Piscalar went on a mission trip to Bombay on September 12, 1867. He returned to Wurttemberg in 1870, for he was not well-suited to India's climate. However, it was from his time in India which he wrote about the "impending angst and frustration sensed by so many Catholics" due to Otto von Bismarck trying to make the Second German Reich into a Protestant nation.

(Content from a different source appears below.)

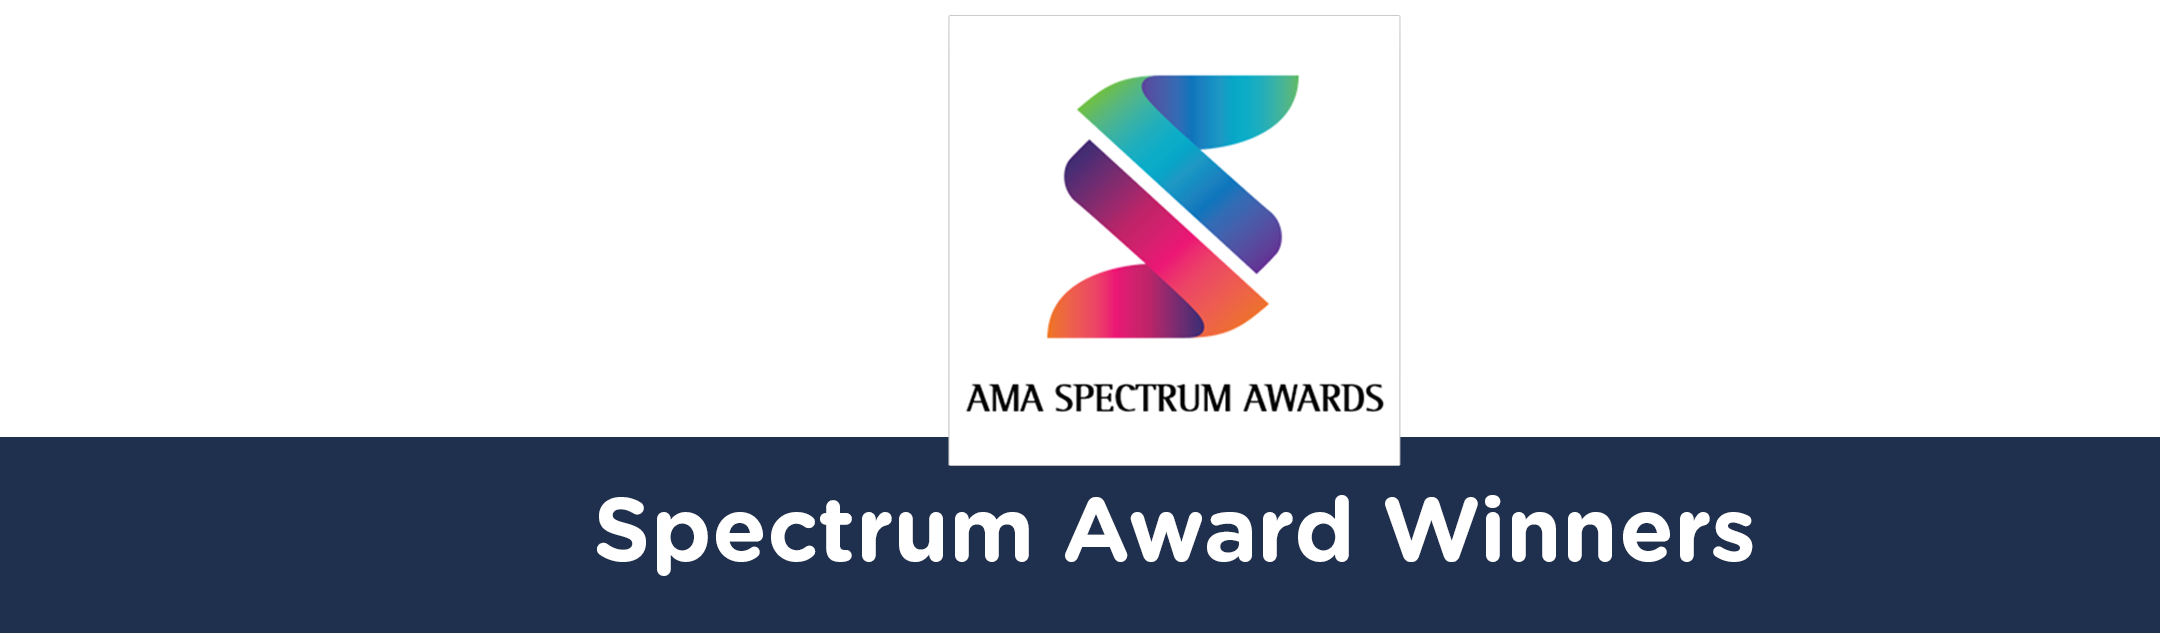 Page header for the AMA Spectrum Awards, Award Winners Page

It is at the present time greatly reassuring for once to turn one's eyes away from the constant agitation against the Catholic Church, and to gaze across the Red Sea and the Indian Ocean to a heathen land, in which the fundamental principles of equity justice toward the Catholics are more familiar, at least better followed than in our modern Europe.
— Fridolin Piscalar, S. J., just before the Kulturkampf

He was ordained on July 30, 1872, in Maria Laach Abbey.

==Priesthood==
Piscalar arrived in the United States in November 1873, in order to become the pastor of the newly-formed St Michael's Church in Rochester, New York. The St. Michael's church was completed on March 8, 1874, and in November 1874, he was appointed to be the first resident pastor. He was the pastor and treasurer there for twenty two years until his resignation in April 1896. Early in his tenure, he assisted Polish families while overseeing the parish's construction of the church, which took two years to complete and cost $160,000 at that time. He changed his last name to Pascalar not long after his arrival.

In 1891, he was sent by Bishop Bernard McQuaid to recruit young German and Polish women for the Sisters of St. Joseph for the St. Stanislaus Kostka Church. Twenty-one young women returned with him to join, where they tutored newly arrived immigrant children in English, served as pastoral assistants, trained altar servers, instructed faith-formation classes, cleaned the church and directed the choir.

In 1892, he patented a self-filling holy water fountain to be used in churches.

Pascalar presented two young Virginia red-tailed deer to the Genesee Valley Park in 1894. At the time, it was the first and only official gift to Rochester Parks, now the Monroe County Department of Parks. One of them was fatally attacked by dogs.

==Later life and death==
He resigned due to failing health in April 1896. He returned to Württemberg, and he died in Untermarchtal on February 12, 1899. His death was met with surprise and sadness from the attendees at St. Michael's Church. His likeness is embedded in the stained-glass window display on the church's south wall, where he is looking at Bishop McQuaid.